▸ **INFORMATION PROVIDED**
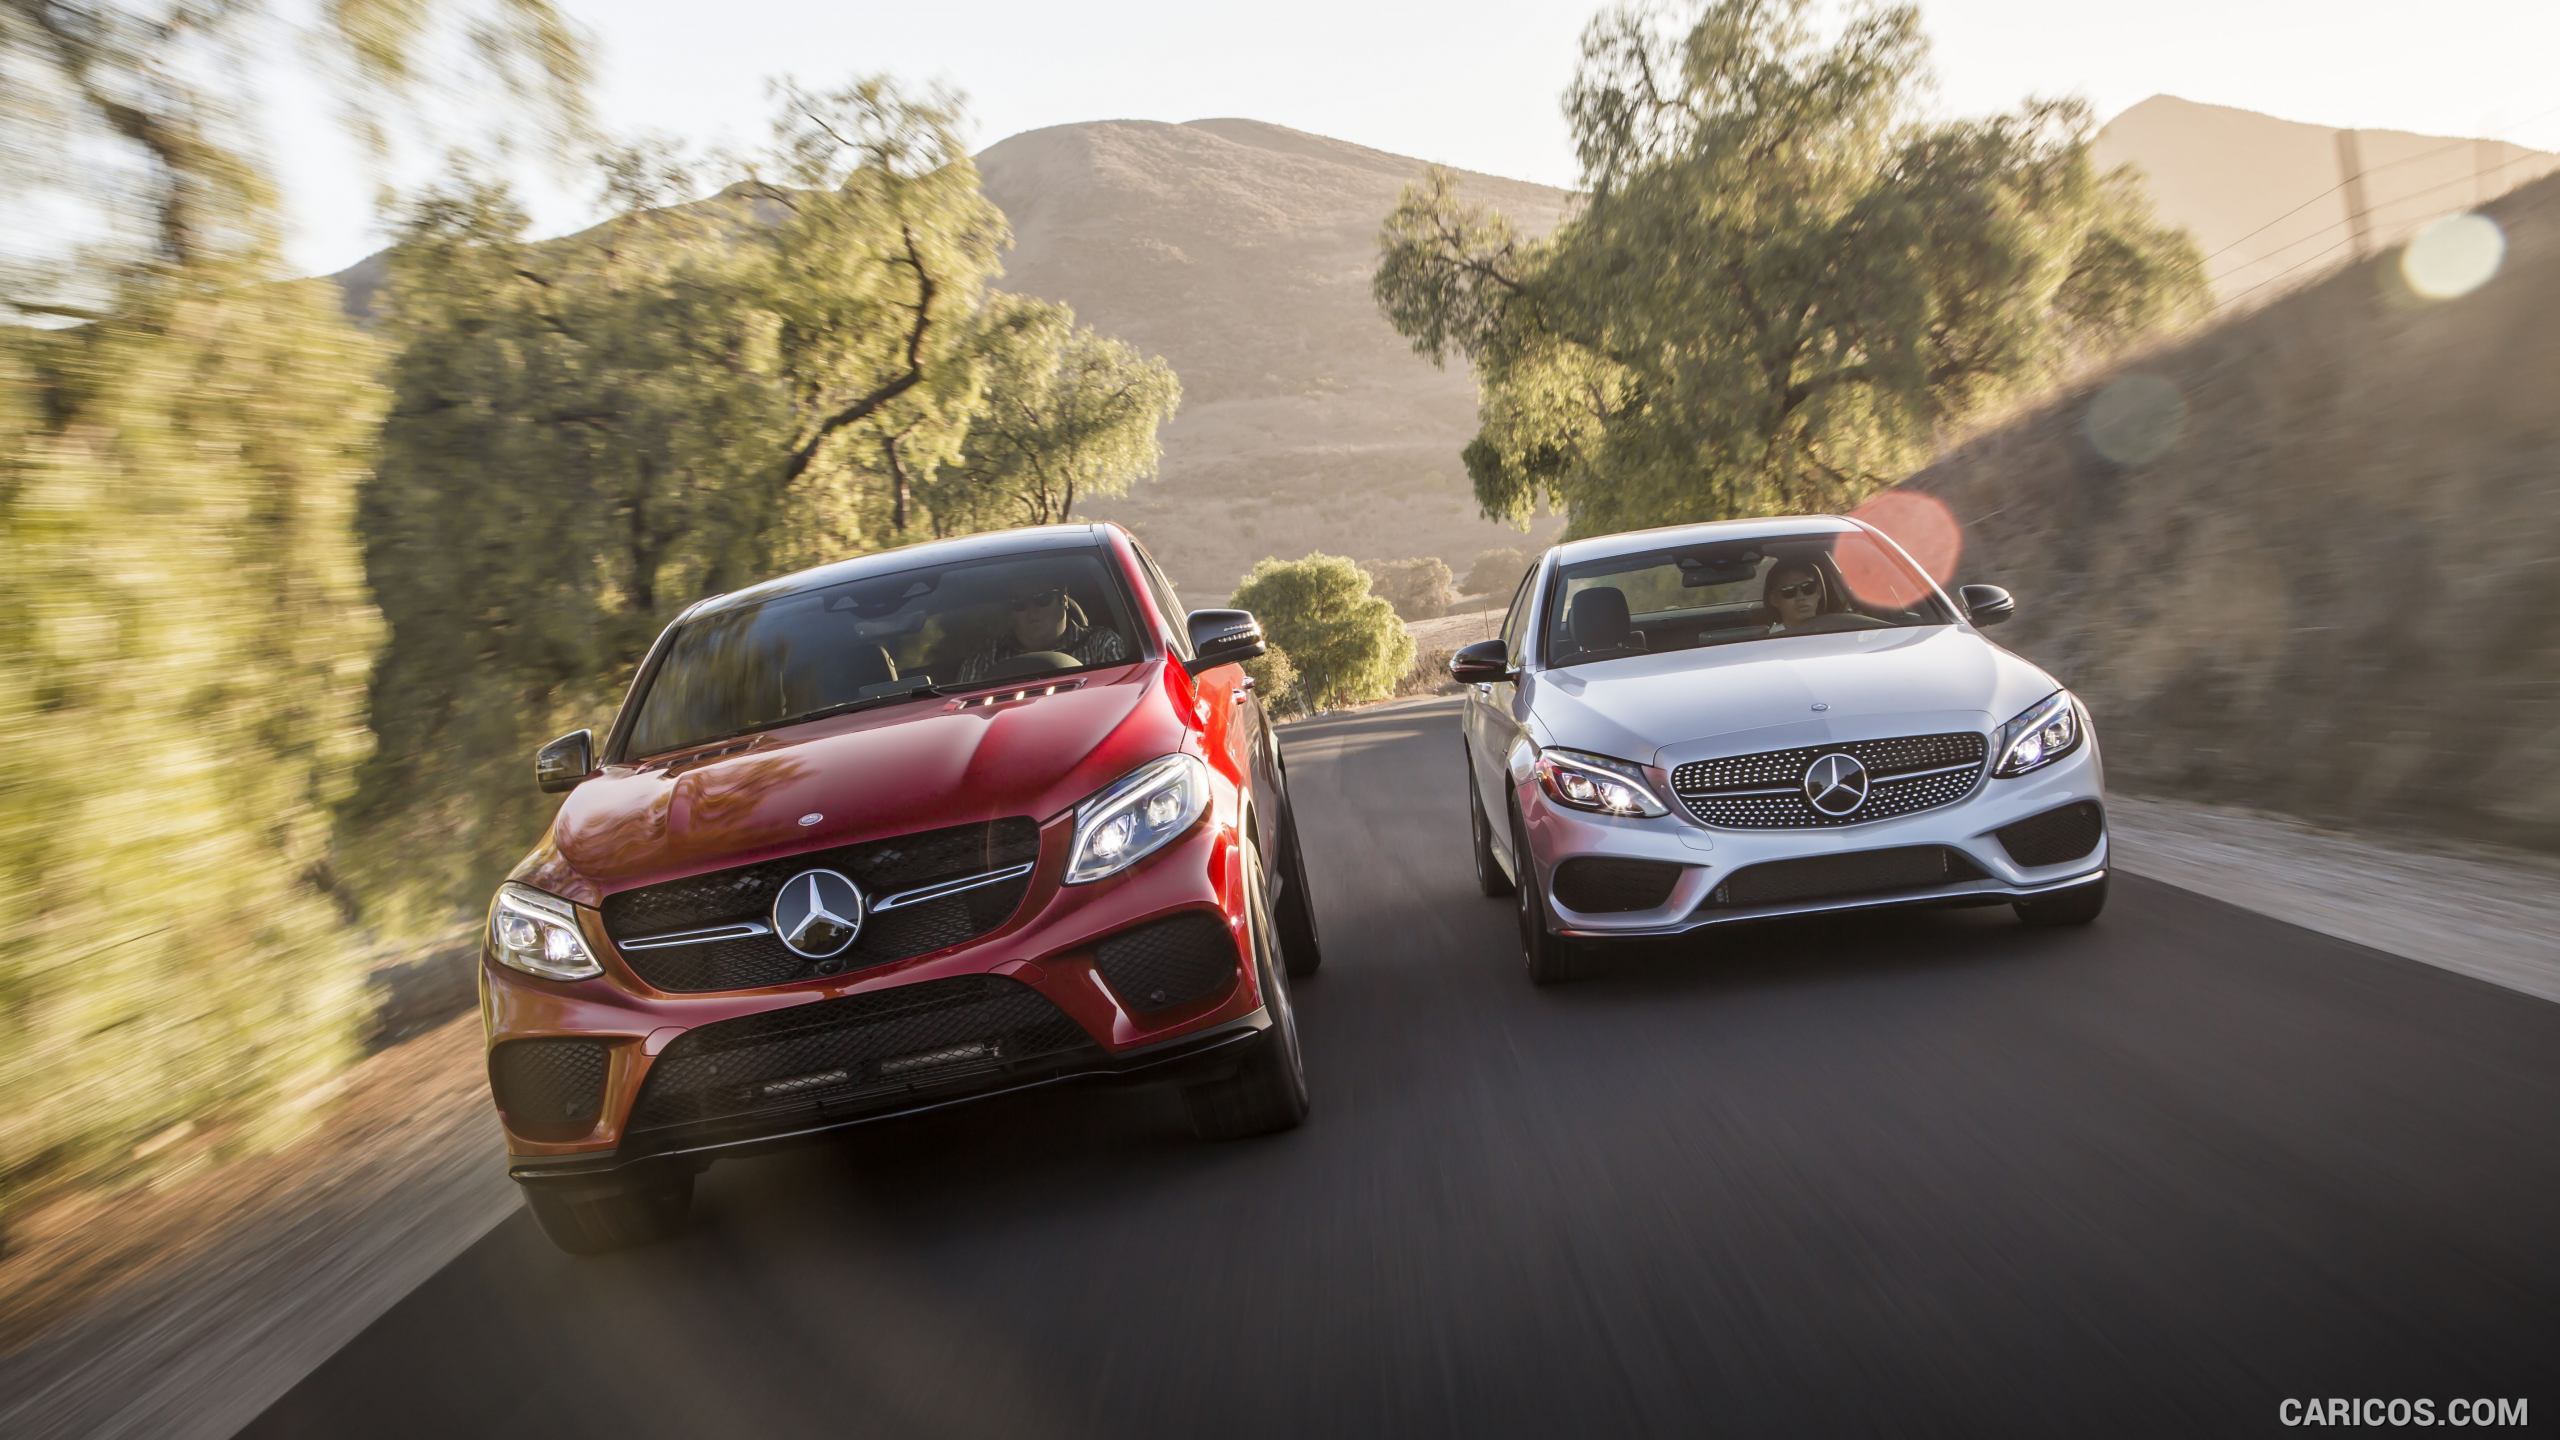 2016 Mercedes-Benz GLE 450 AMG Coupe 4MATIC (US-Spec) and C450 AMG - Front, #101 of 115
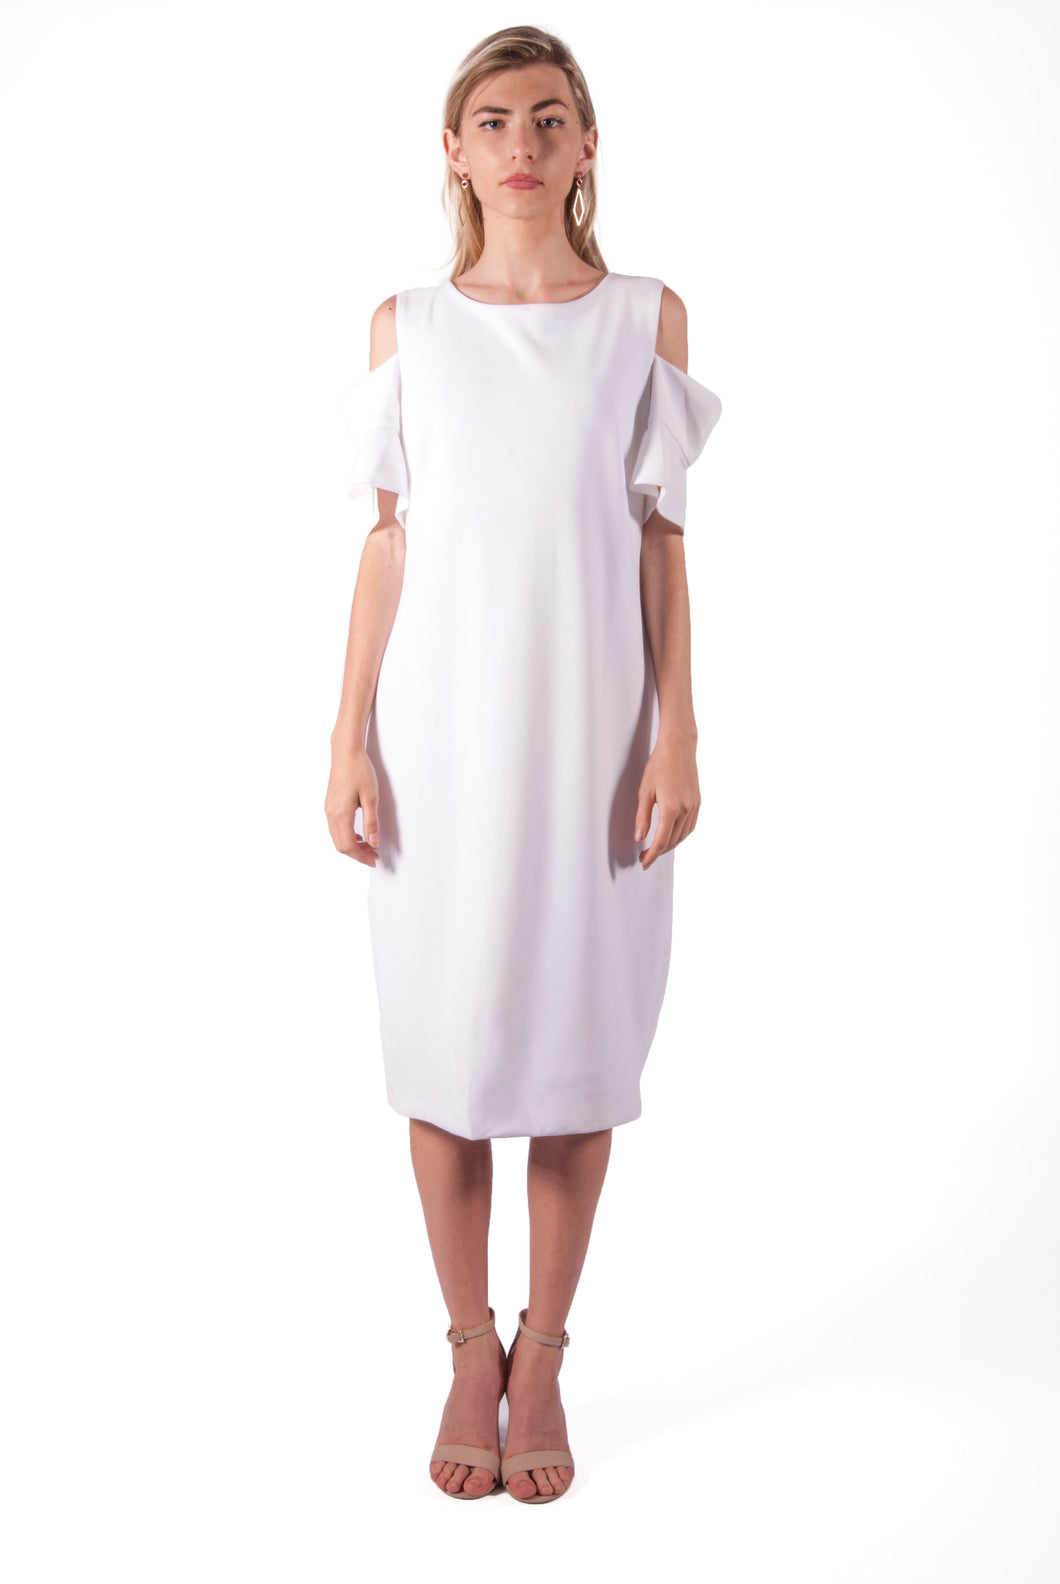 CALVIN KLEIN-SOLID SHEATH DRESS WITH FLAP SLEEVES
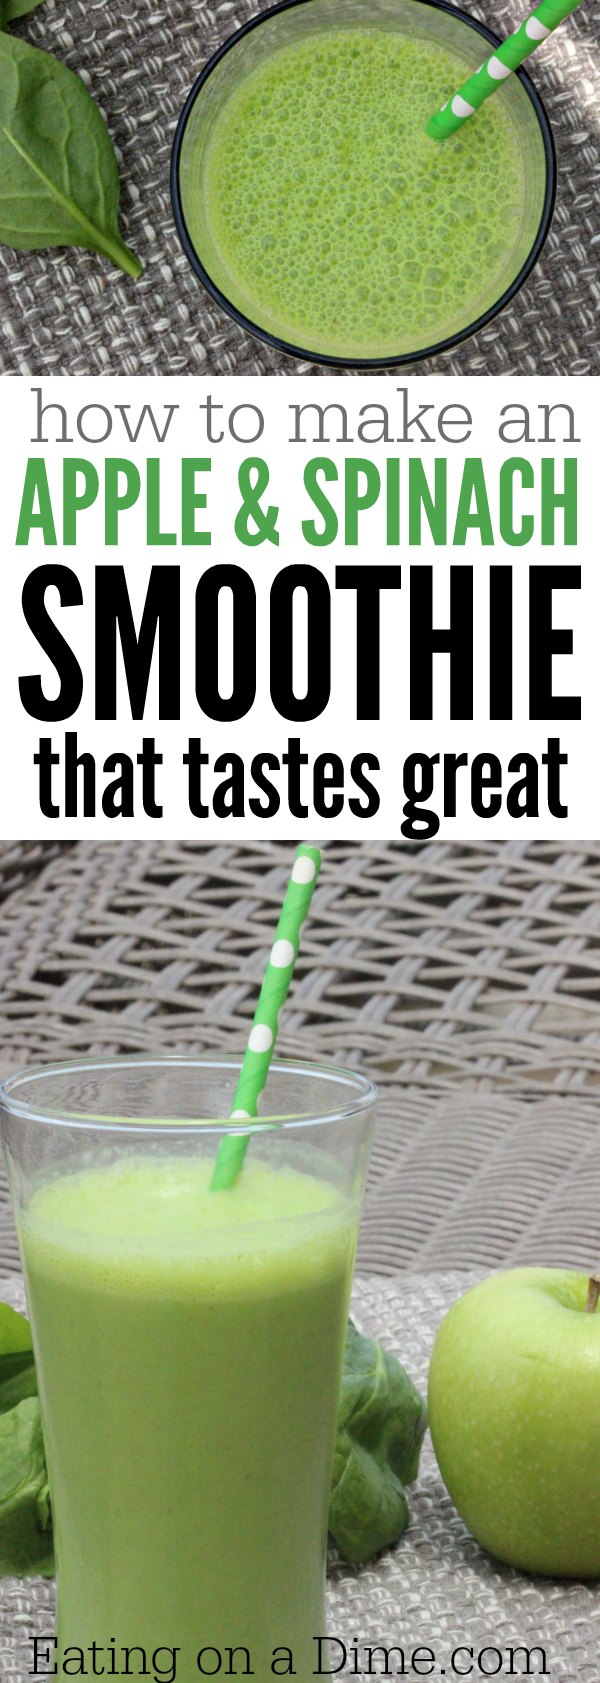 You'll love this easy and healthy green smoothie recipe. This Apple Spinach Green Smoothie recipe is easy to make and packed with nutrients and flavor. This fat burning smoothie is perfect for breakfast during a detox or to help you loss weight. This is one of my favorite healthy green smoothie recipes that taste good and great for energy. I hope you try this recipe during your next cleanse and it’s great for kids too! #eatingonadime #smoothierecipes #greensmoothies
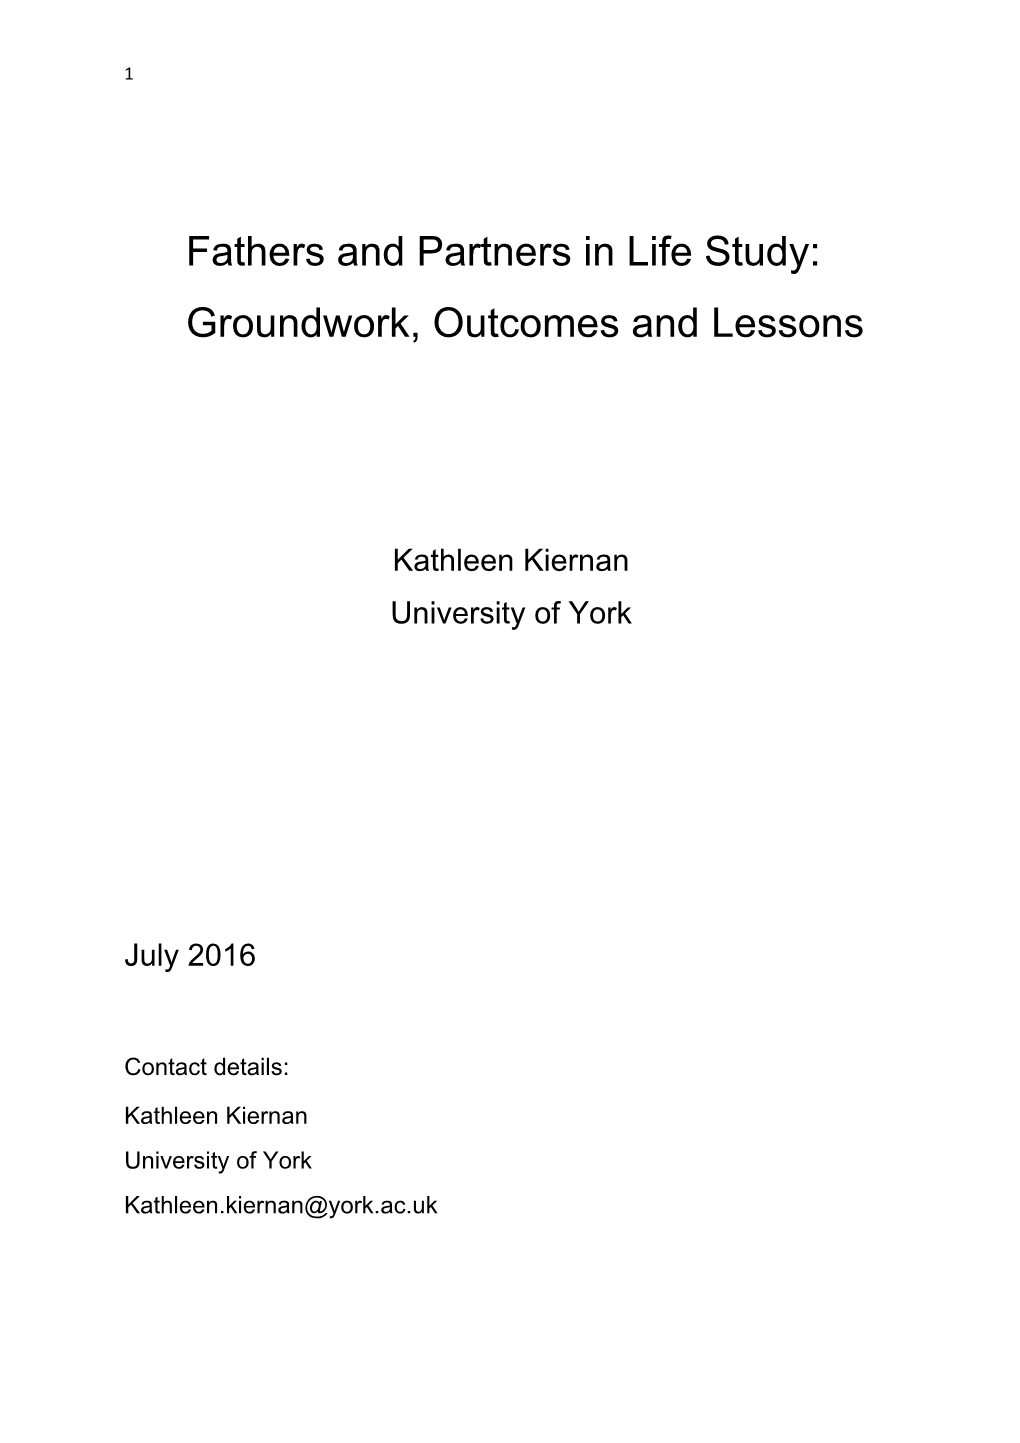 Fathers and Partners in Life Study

▸ **EXERCISE INSTRUCTIONS**
Your copy of the data should match it exactly, apart from the images, which are omitted.

▸ **RESPONSE AREA**
 2016 Mercedes-Benz GLE 450 AMG Coupe 4MATIC (US-Spec) and C450 AMG - Front, #101 of 115
 CALVIN KLEIN-SOLID SHEATH DRESS WITH FLAP SLEEVES
 You'll love this easy and healthy green smoothie recipe. This Apple Spinach Green Smoothie recipe is easy to make and packed with nutrients and flavor. This fat burning smoothie is perfect for breakfast during a detox or to help you loss weight. This is one of my favorite healthy green smoothie recipes that taste good and great for energy. I hope you try this recipe during your next cleanse and it’s great for kids too! #eatingonadime #smoothierecipes #greensmoothies
 Fathers and Partners in Life Study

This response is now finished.